Помня данное мне несколько дней тому назад поручение присяжного поверенного Н. К. Муравьева, оформившего текст завещания, я спросил Льва Николаевича:

– Лев Николаевич, позвольте задать вам вопросы юридического характера относительно завещания. Об этом просил Муравьев.

– Да, пожалуйста, непременно.

– Это завещание в точности выражает вашу волю?

– Да, выражает.

– И вы сами его составили?

– Да, сам составил.

После этого я дал Льву Николаевичу бумагу, в которой по его поручению были выражены дополнительные его распоряжения. Он внимательно прочел ее и сказал, что надо изменить два места. Одно место, в котором было написано, что графине Софии Андреевне Толстой предоставляется пожизненное пользование сочинениями, изданными до 1881 года, он сказал, что надо совсем выпустить. В другом месте, где говорилось о том, чтобы В. Г. Чертков, как и раньше, издавал его сочинения, он сказал, что надо прибавить слова: «На прежних основаниях», то есть не преследуя никаких материальных личных целей.

– Чтобы не подумали, – заметил Лев Николаевич, – что Владимир Григорьевич будет извлекать из этого дела какую-либо личную выгоду.

Лев Николаевич вернул мне эту бумагу, а несколько дней спустя напомнил о ней Владимиру Григорьевичу, прося прислать ему ее в окончательном виде, чтобы подписать.

Лев Николаевич встал с пня и пошел к лошади.

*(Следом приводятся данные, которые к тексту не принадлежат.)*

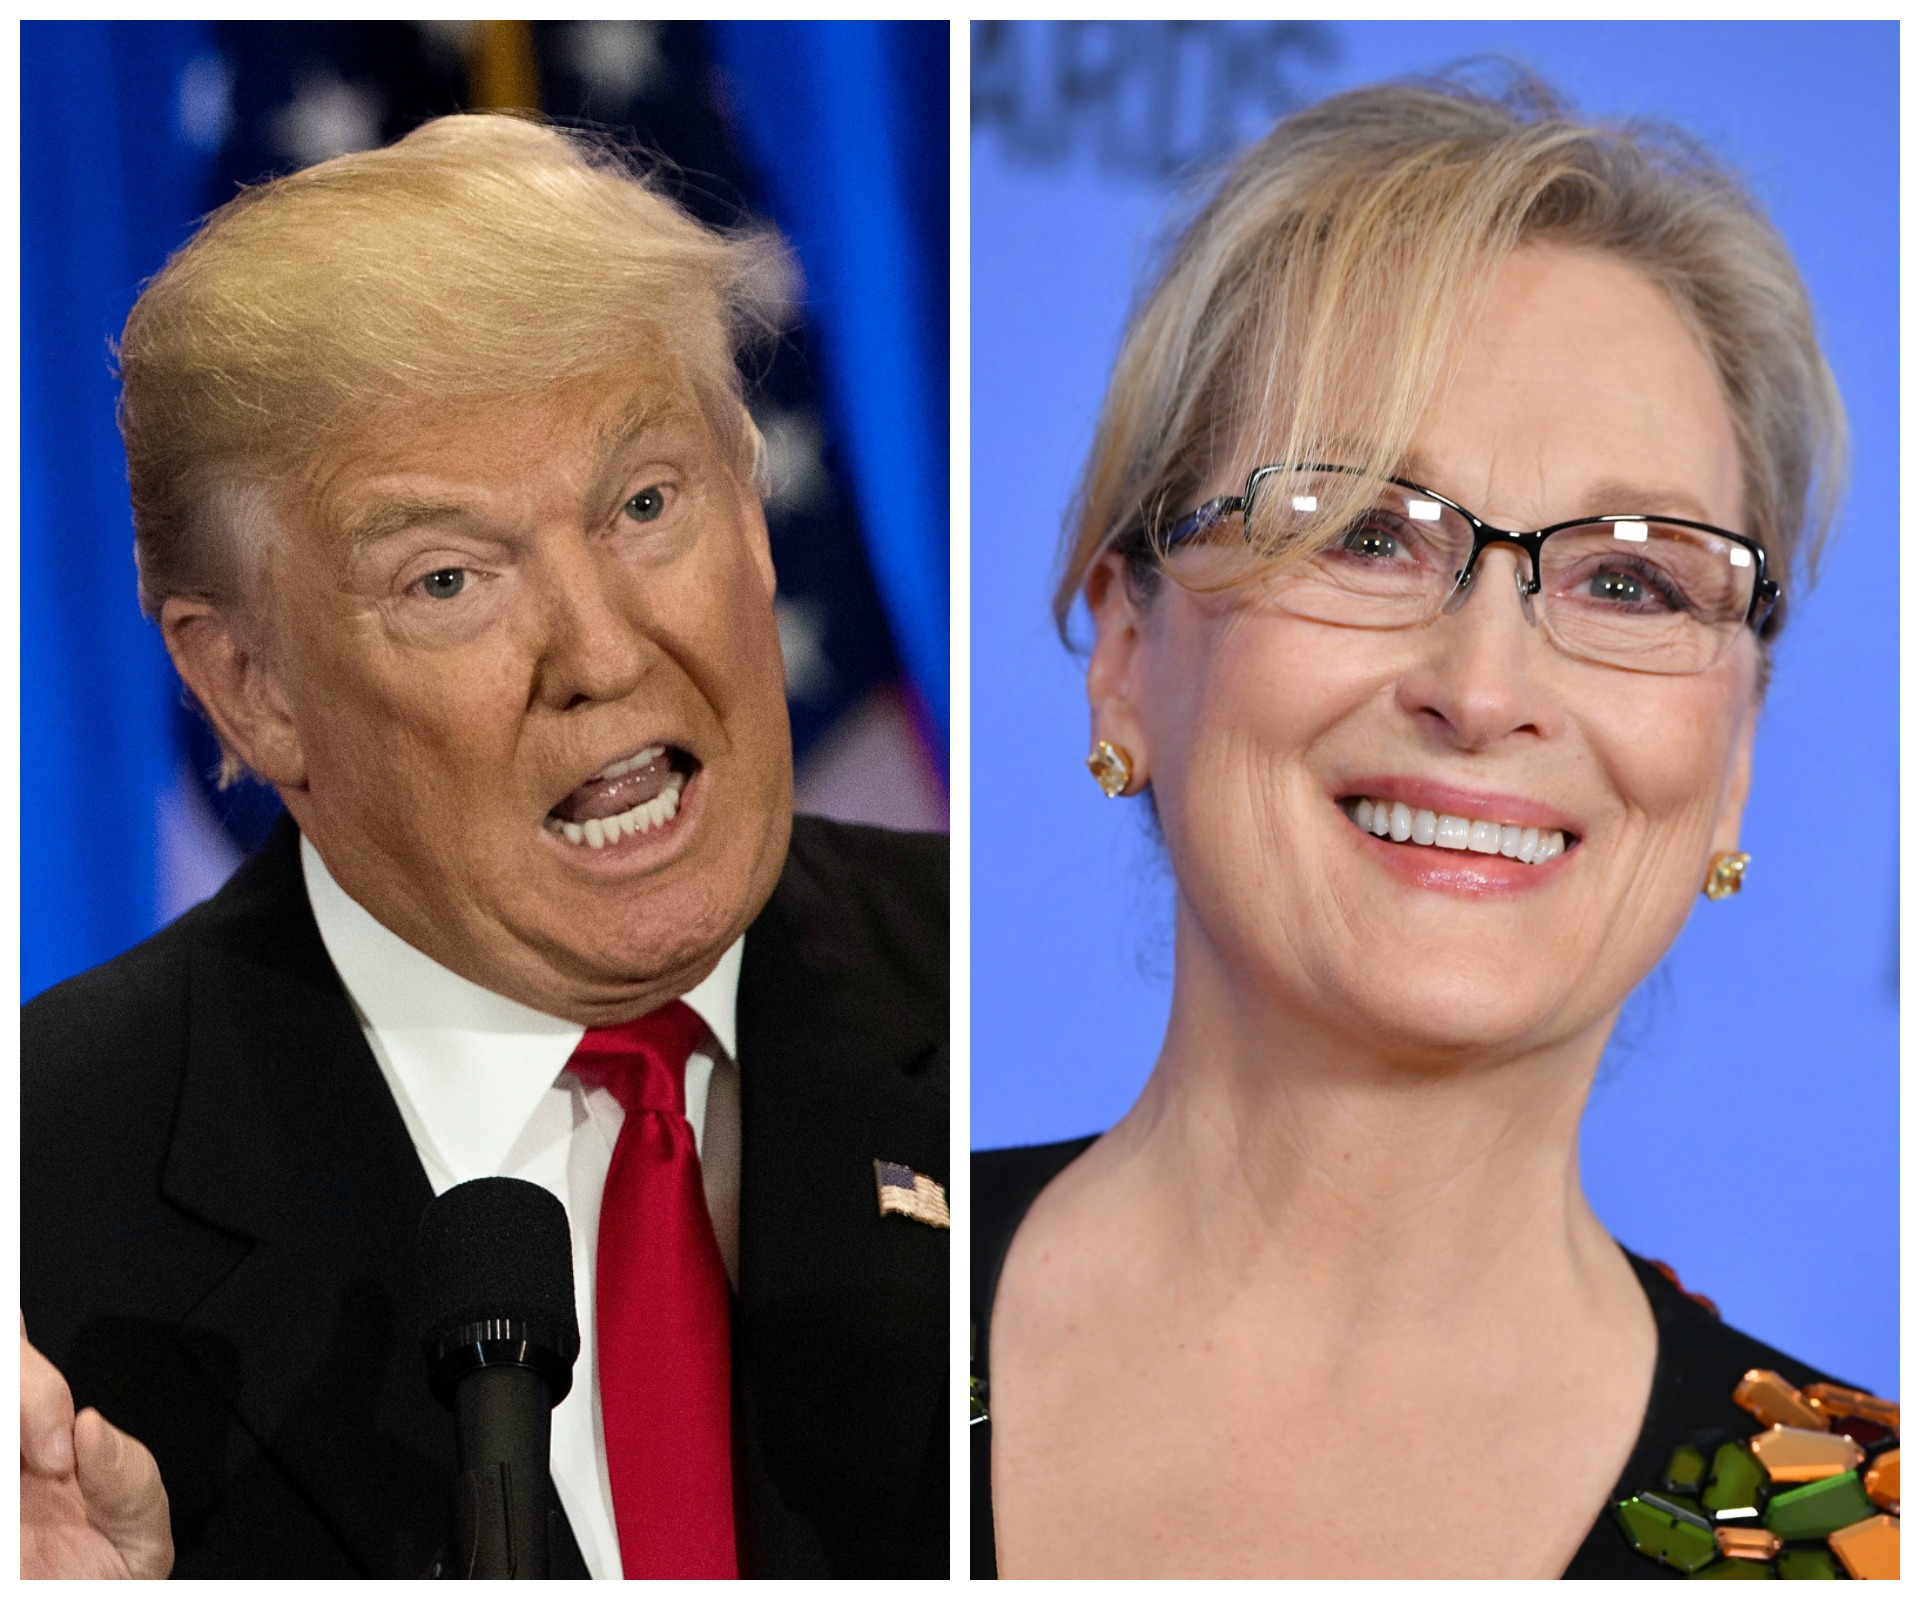 Donald Trump labels Meryl Streep “overrated” after Golden Globes speech
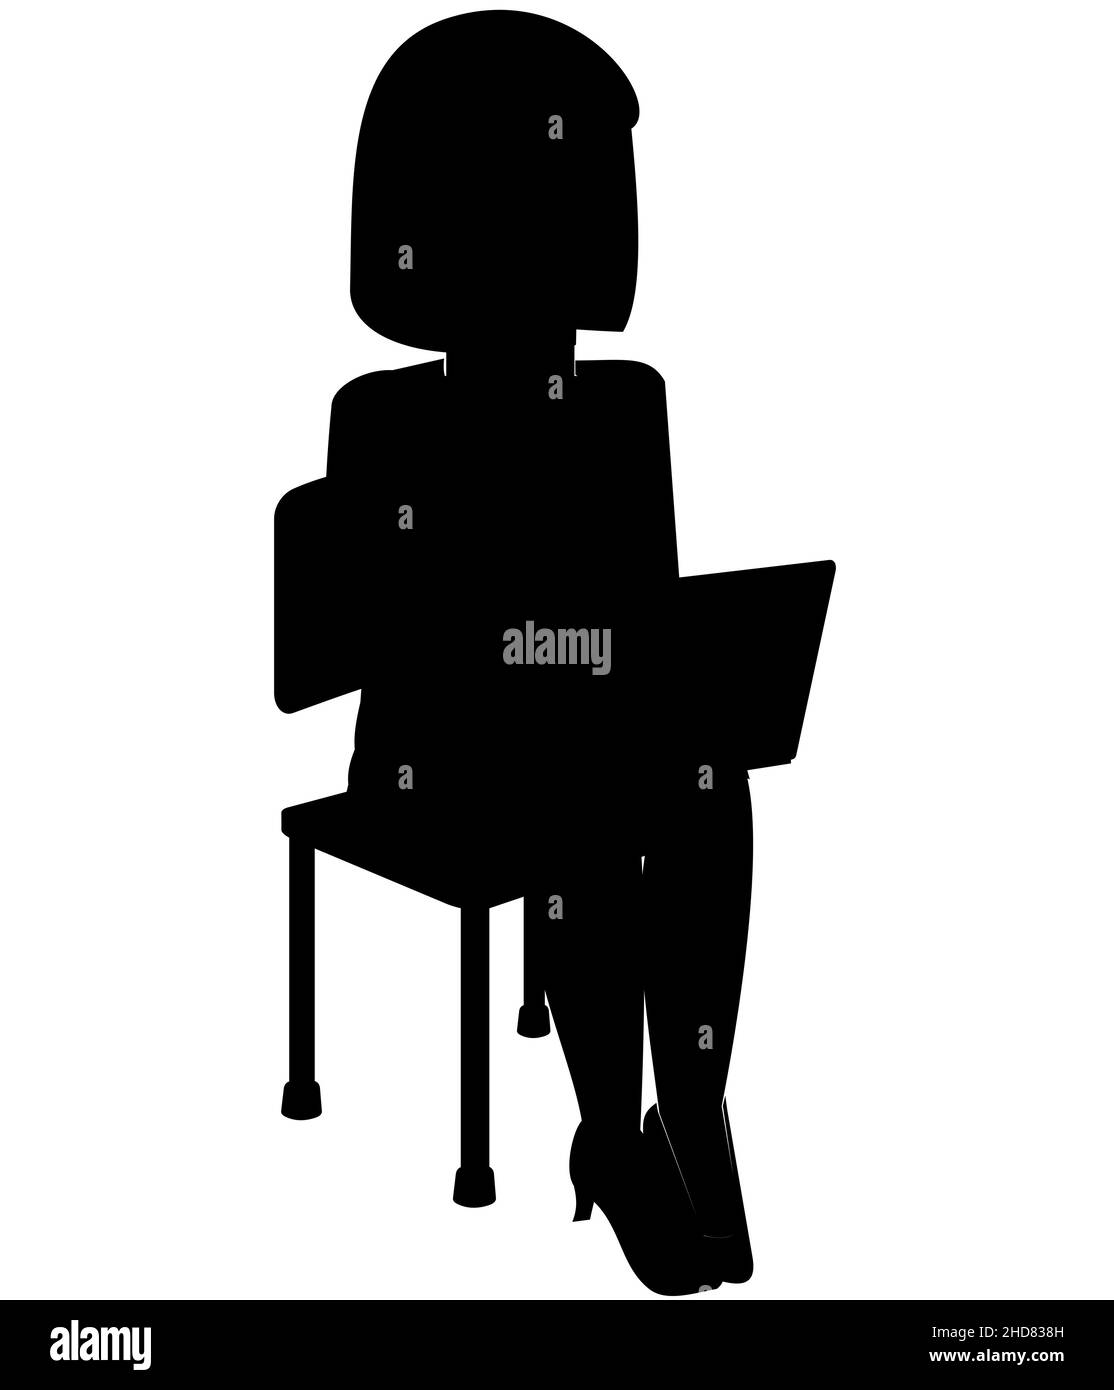 Schwarze Silhouette von Frauen oder Frauen auf einem Laptop, Geschäftsfrau auf einem Stuhl sitzend Stock Vektor

– Как тяжелы все эти юридические придирки, – в раздумье сказал он мне, очевидно вспоминая все формальности завещания.

С необычайной для 82-летнего старика легкостью он вскочил на лошадь.

– Ну, прощай, – сказал он, протягивая мне руку.

– Прощайте, Лев Николаевич. Спасибо вам, – сказал я.

А сказал я ему «спасибо», потому что, собственно говоря, по моей вине произошло то, что он снова писал в этот день завещание. Дело в том, что в предшествовавшем завещании, написанном им за несколько дней до этого, по моему недосмотру было кое-что пропущено в словах свидетелей, без чего завещание теряло свое юридическое значение, и из-за этого Льву Николаевичу пришлось вновь написать его. И я чувствовал свою вину перед Львом Николаевичем.

– За что же ты меня благодаришь? – сказал Лев Николаевич. – Спасибо вам большое за то, что вы помогли мне в этом деле.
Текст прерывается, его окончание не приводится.